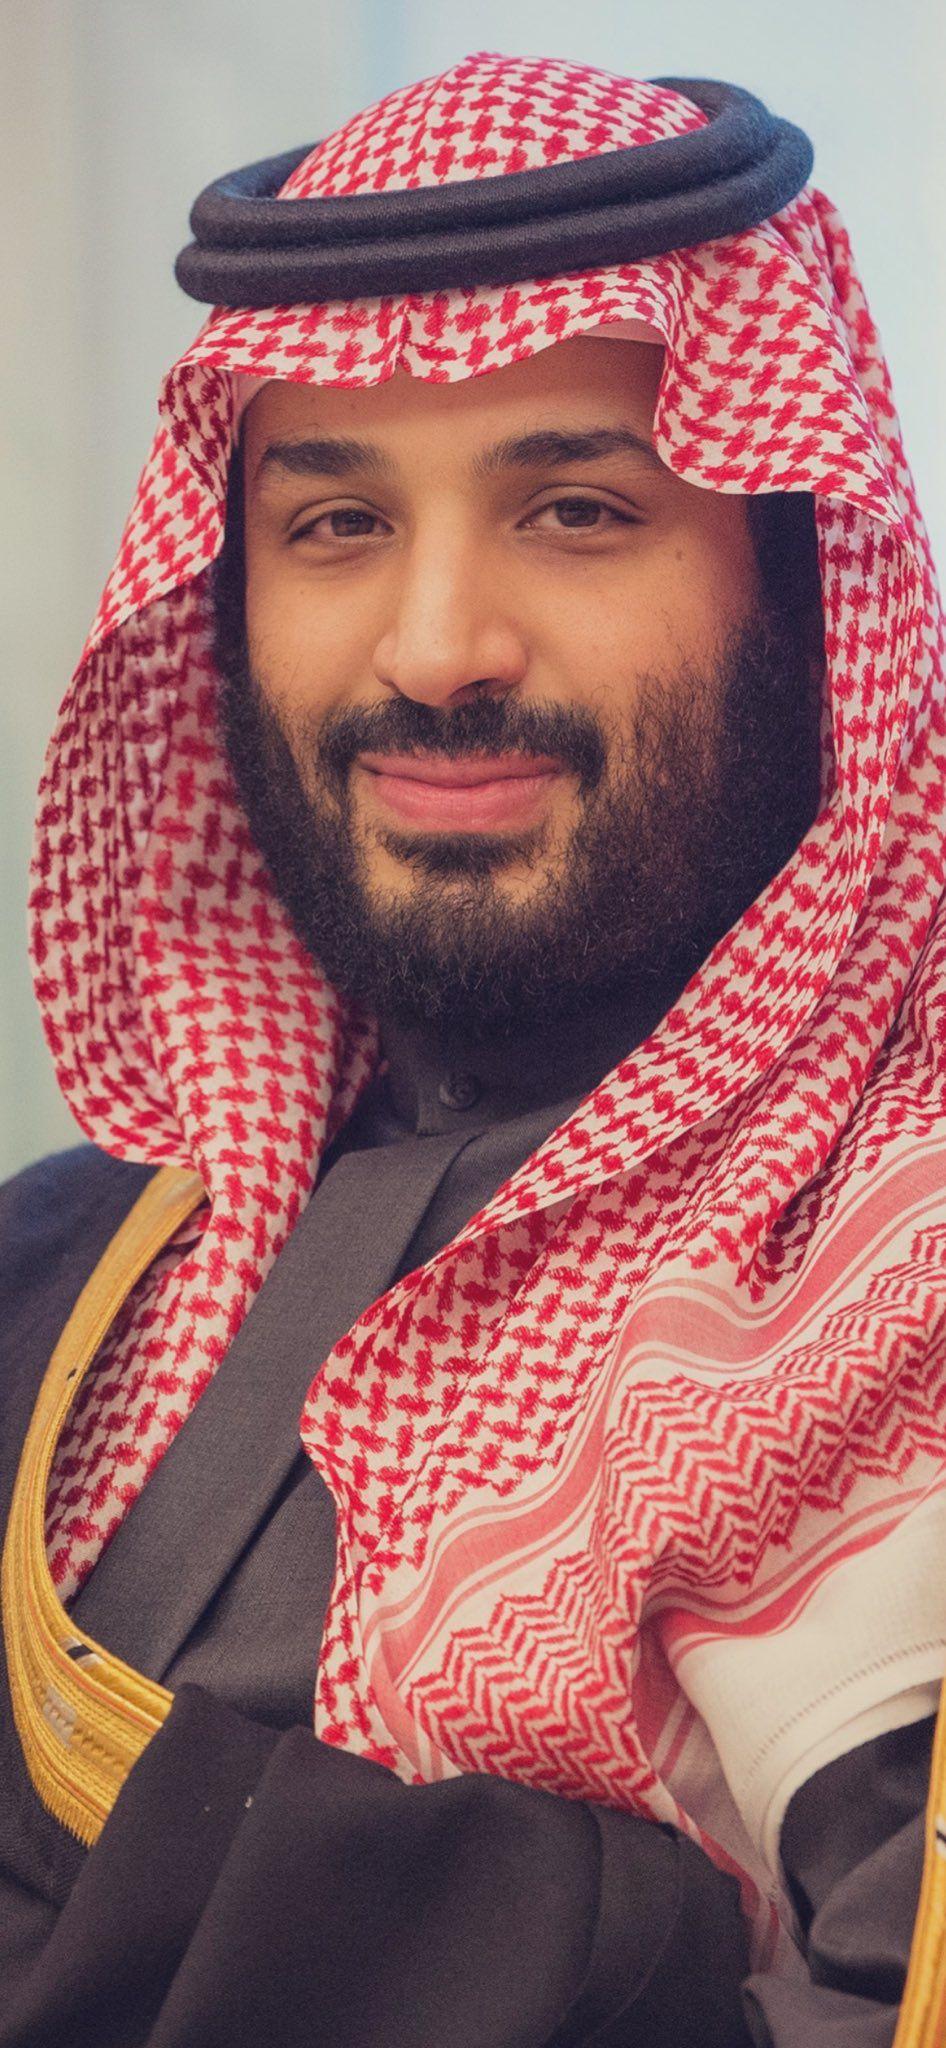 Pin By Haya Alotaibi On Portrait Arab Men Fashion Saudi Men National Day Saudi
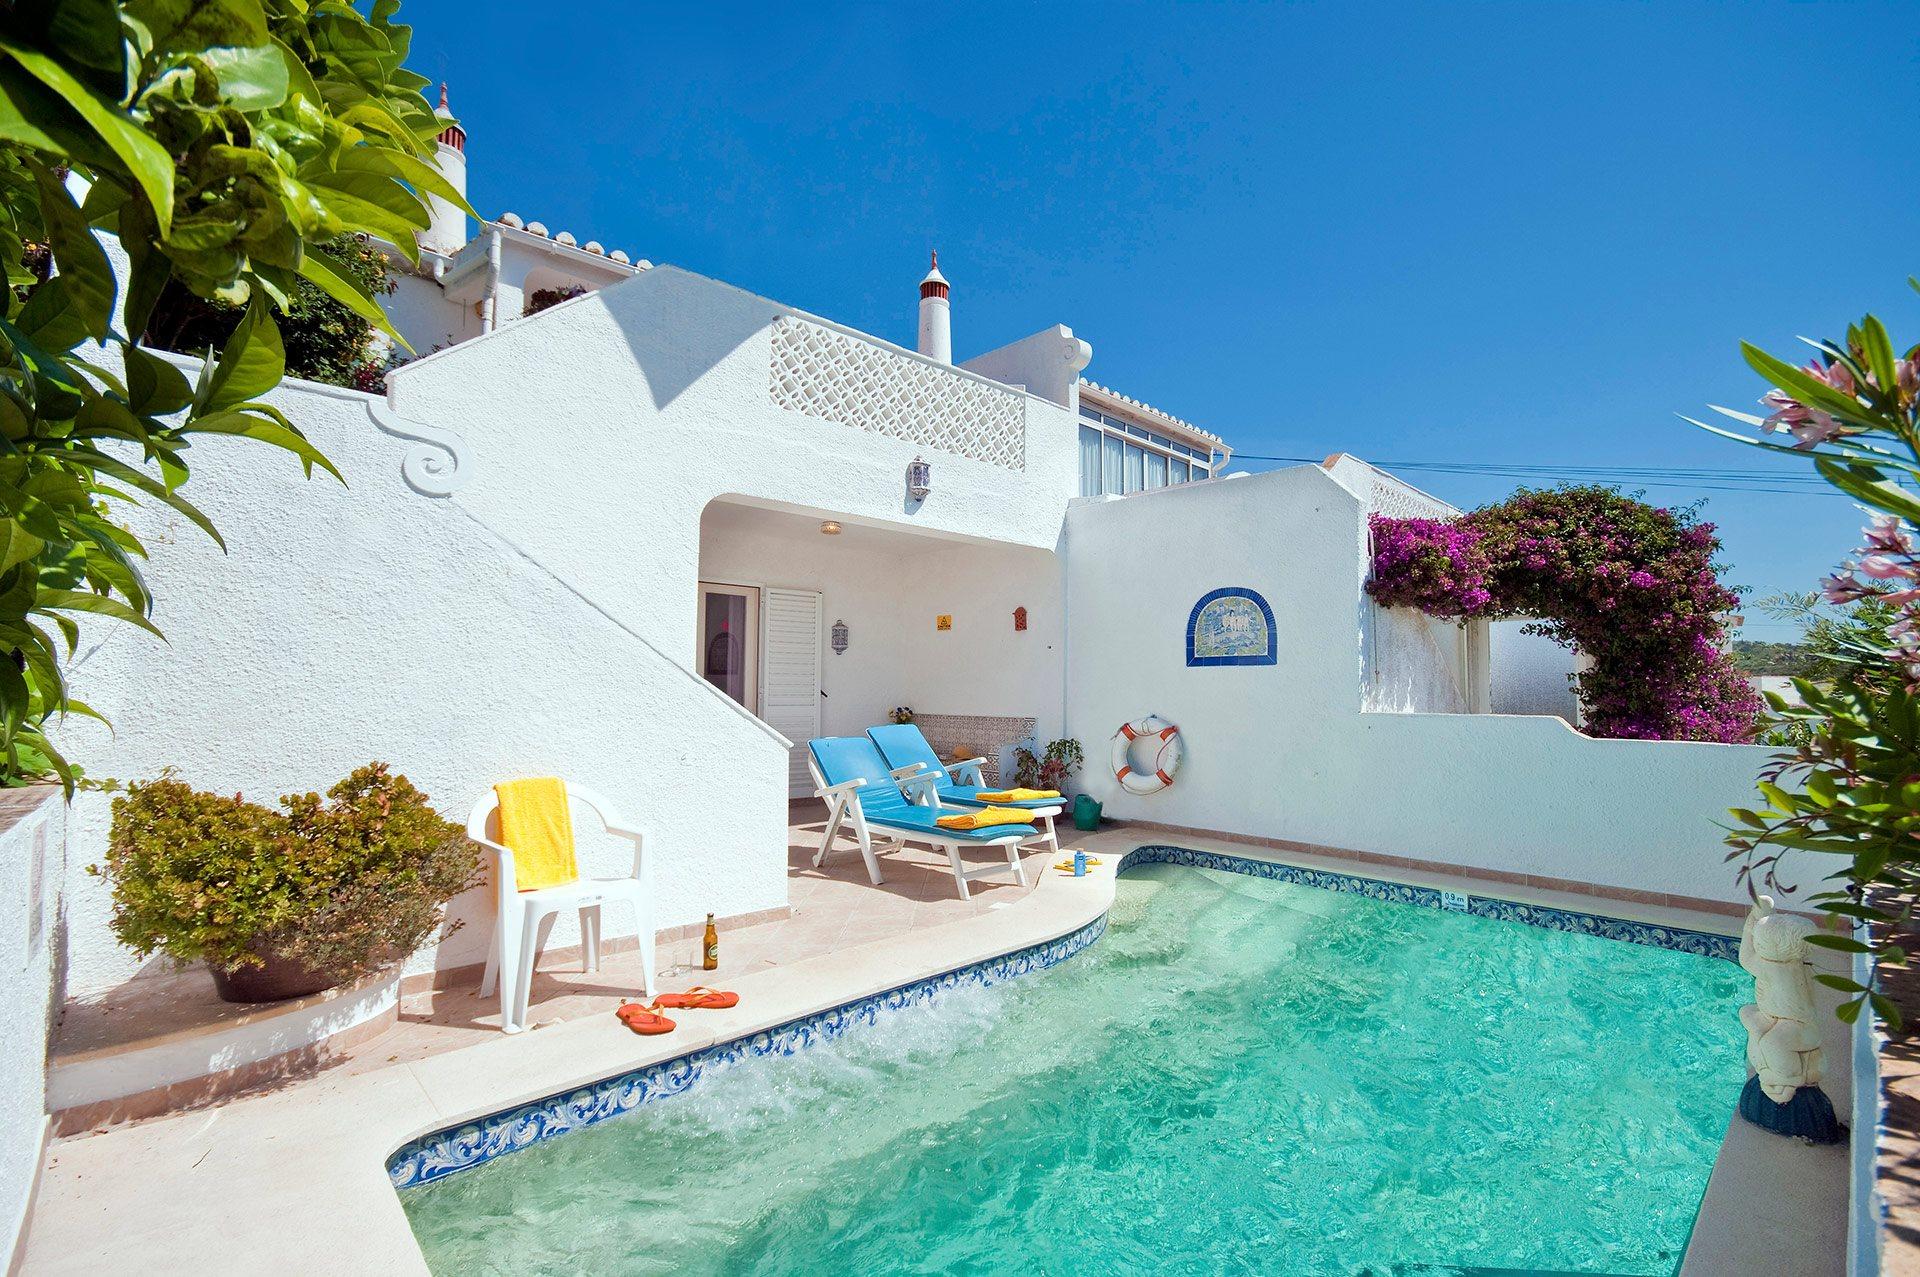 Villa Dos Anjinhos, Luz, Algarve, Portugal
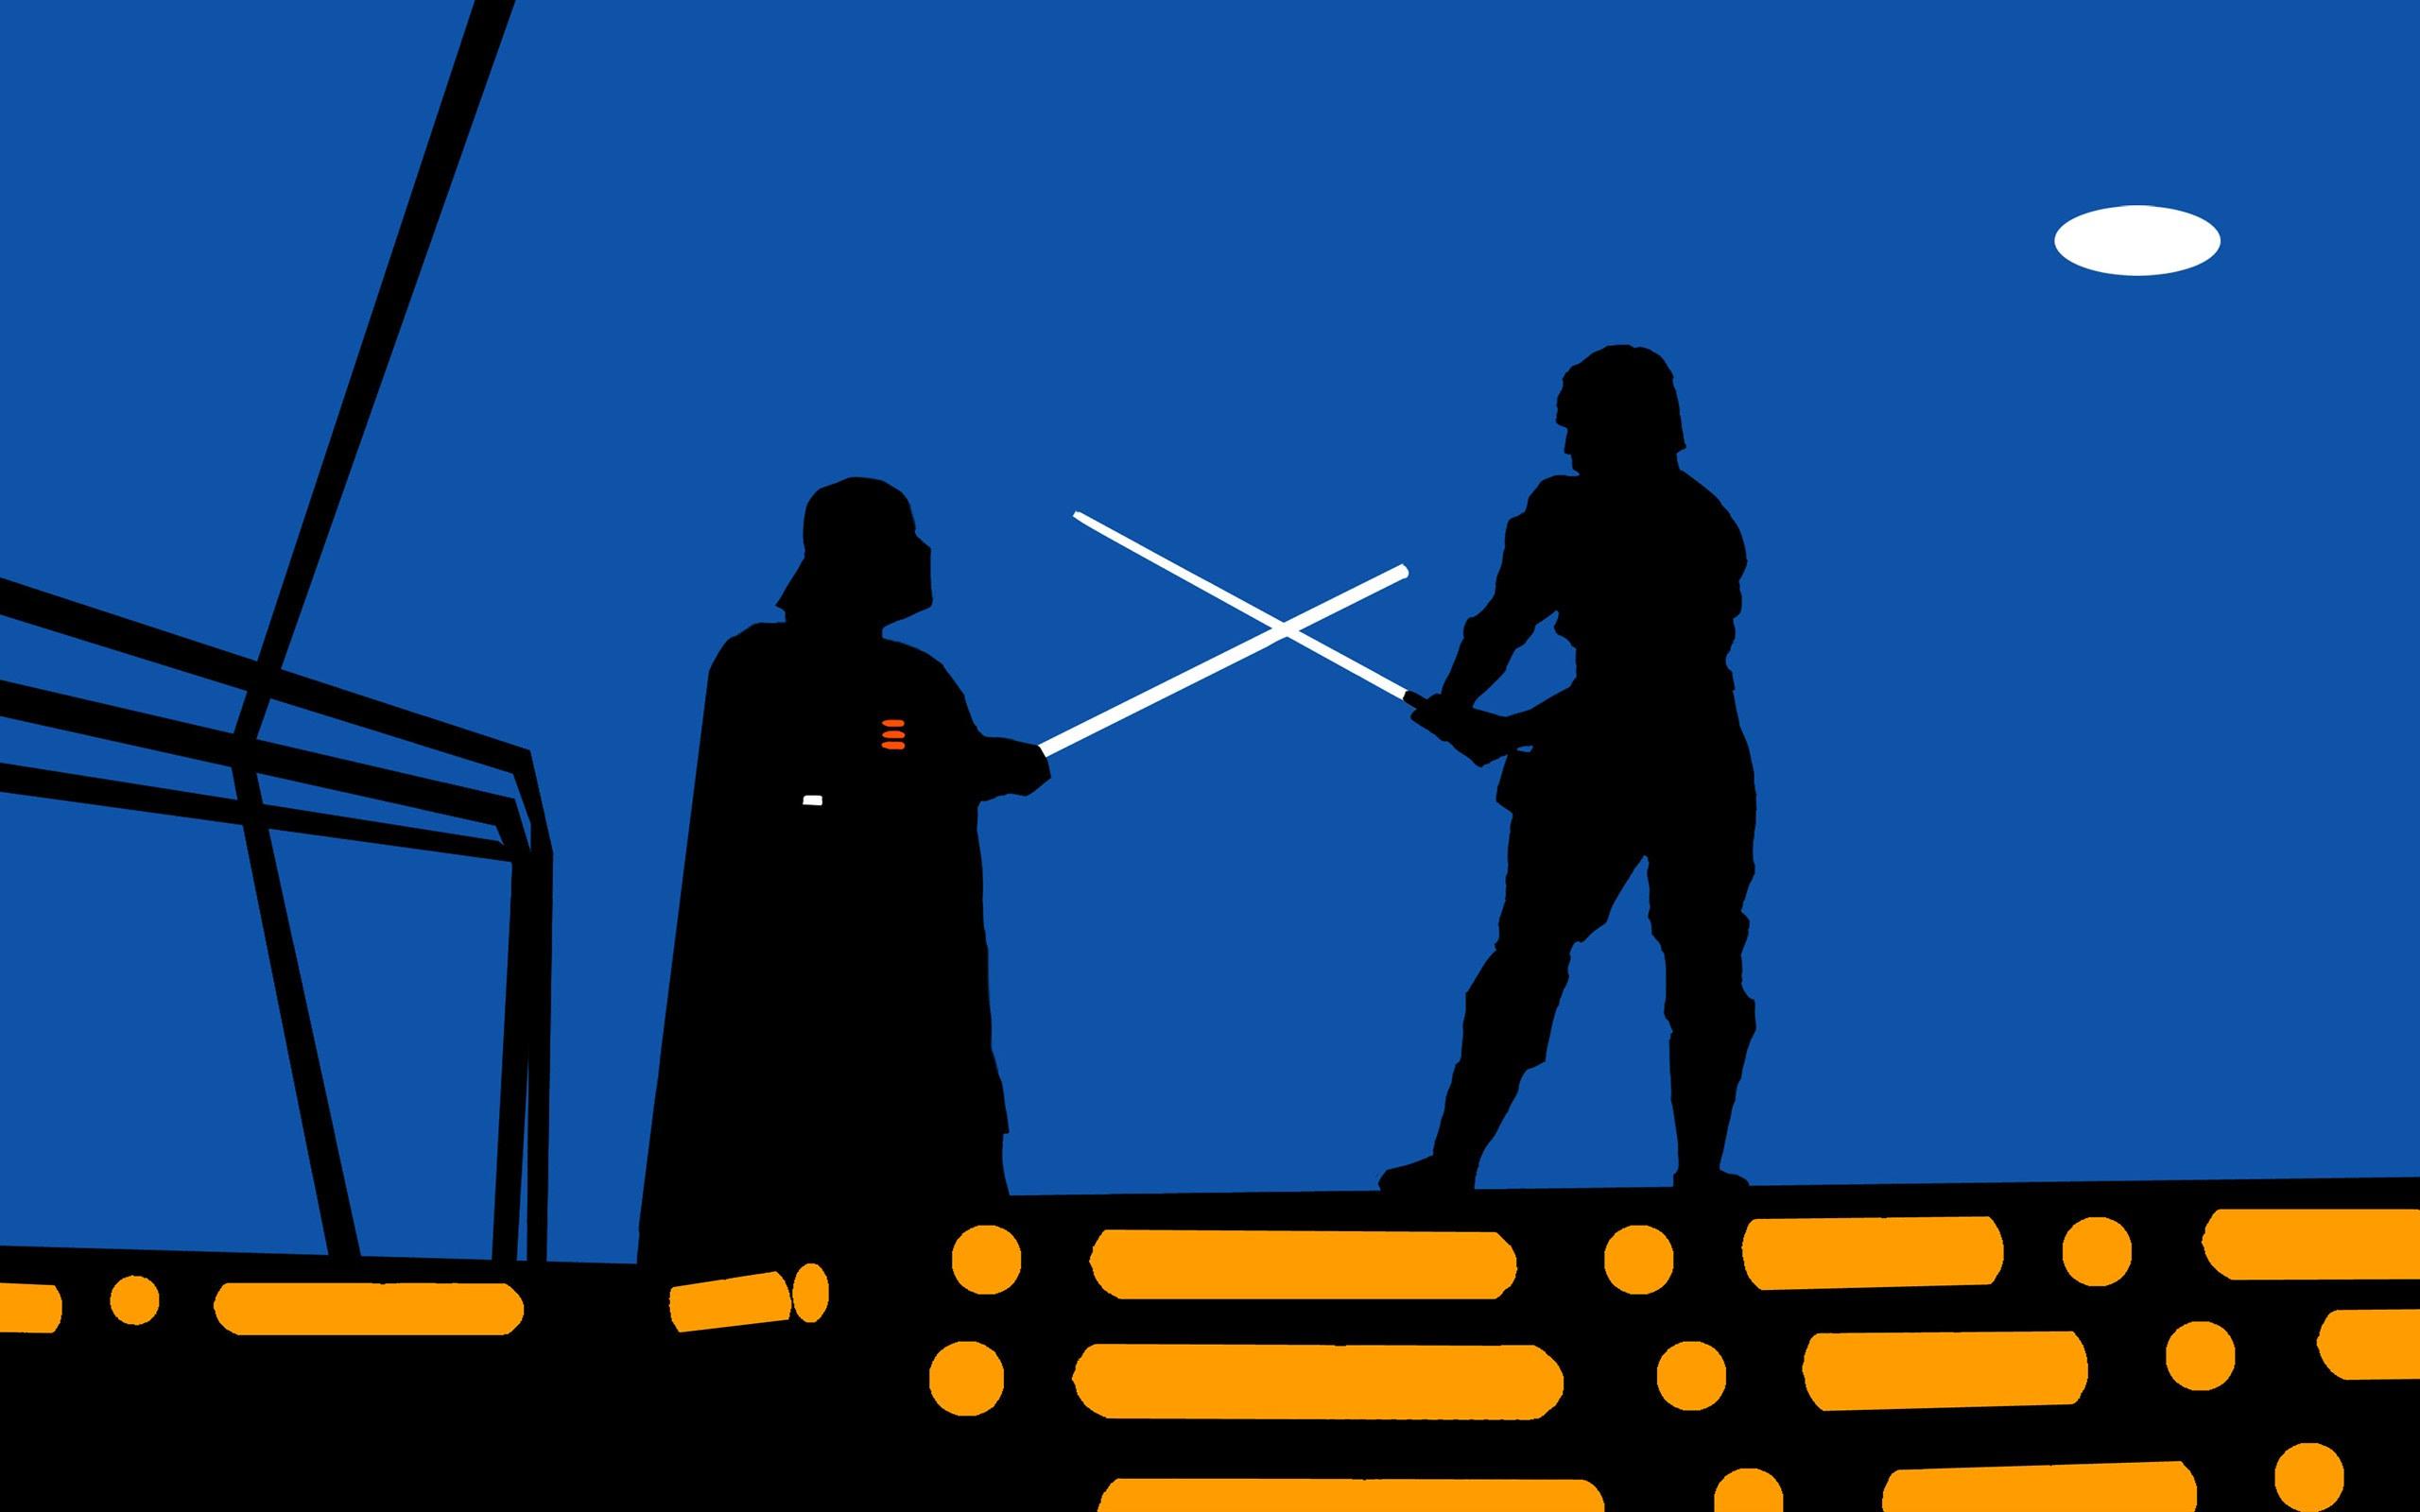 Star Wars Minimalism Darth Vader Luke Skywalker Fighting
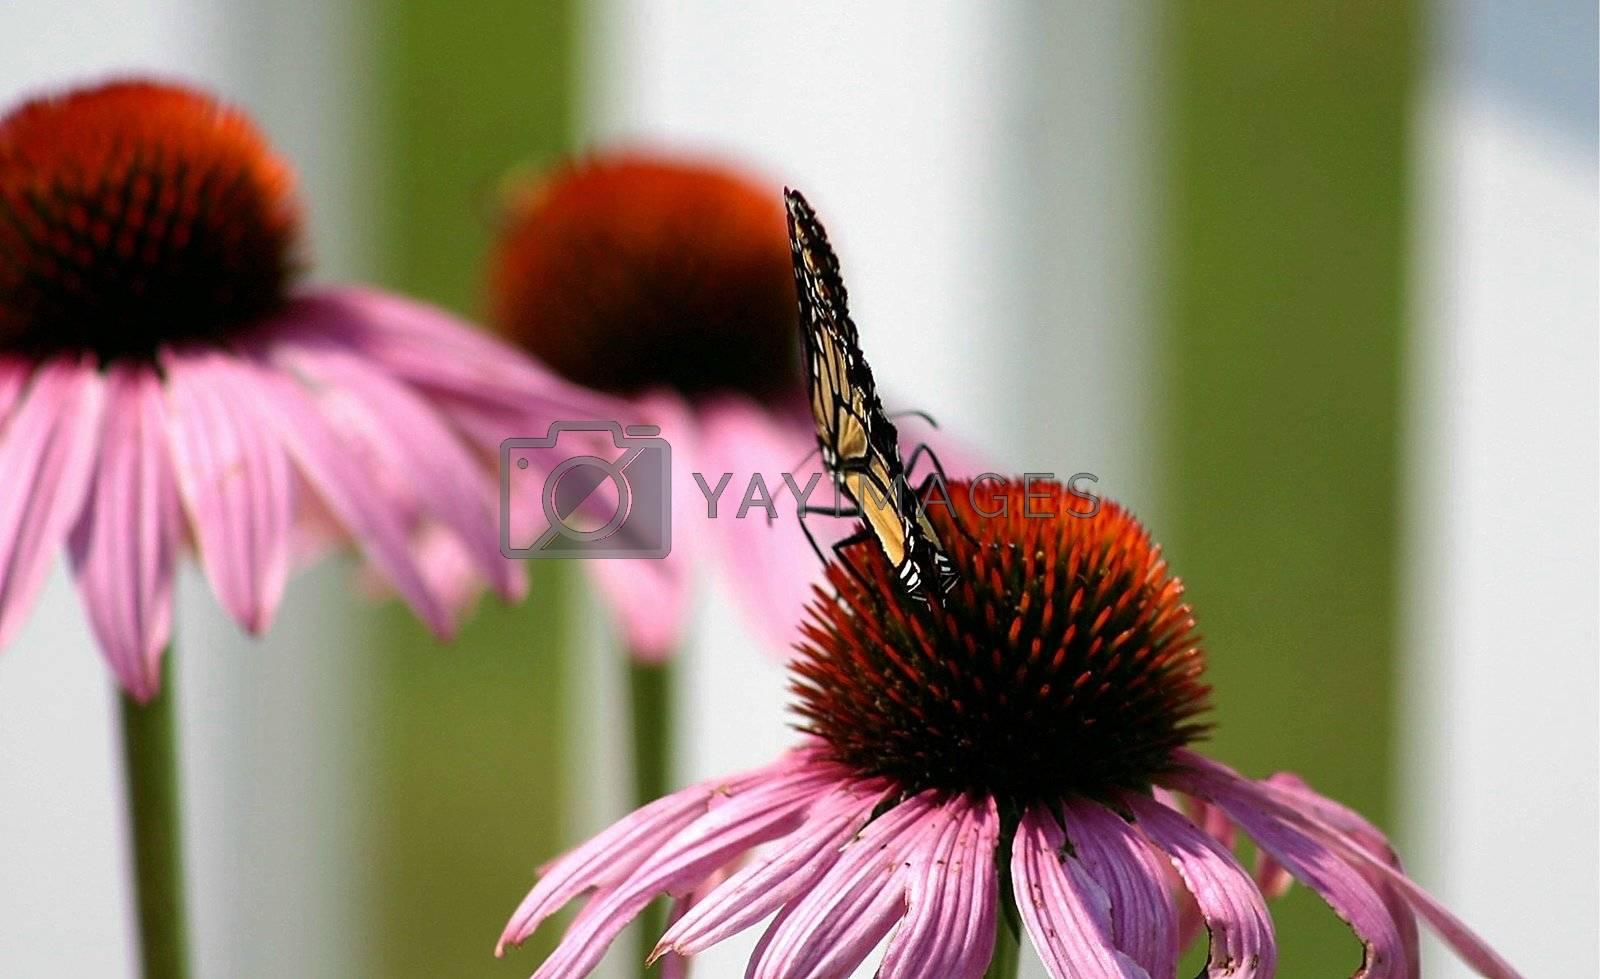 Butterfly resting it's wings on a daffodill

::::::

EXERCISE =
The answer must be the lines above from the line that contains "Star Wars Minimalism" to the final line of the data, word for word, with no pictures.

SOLUTION BELOW =
 Star Wars Minimalism Darth Vader Luke Skywalker Fighting
 Butterfly resting it's wings on a daffodill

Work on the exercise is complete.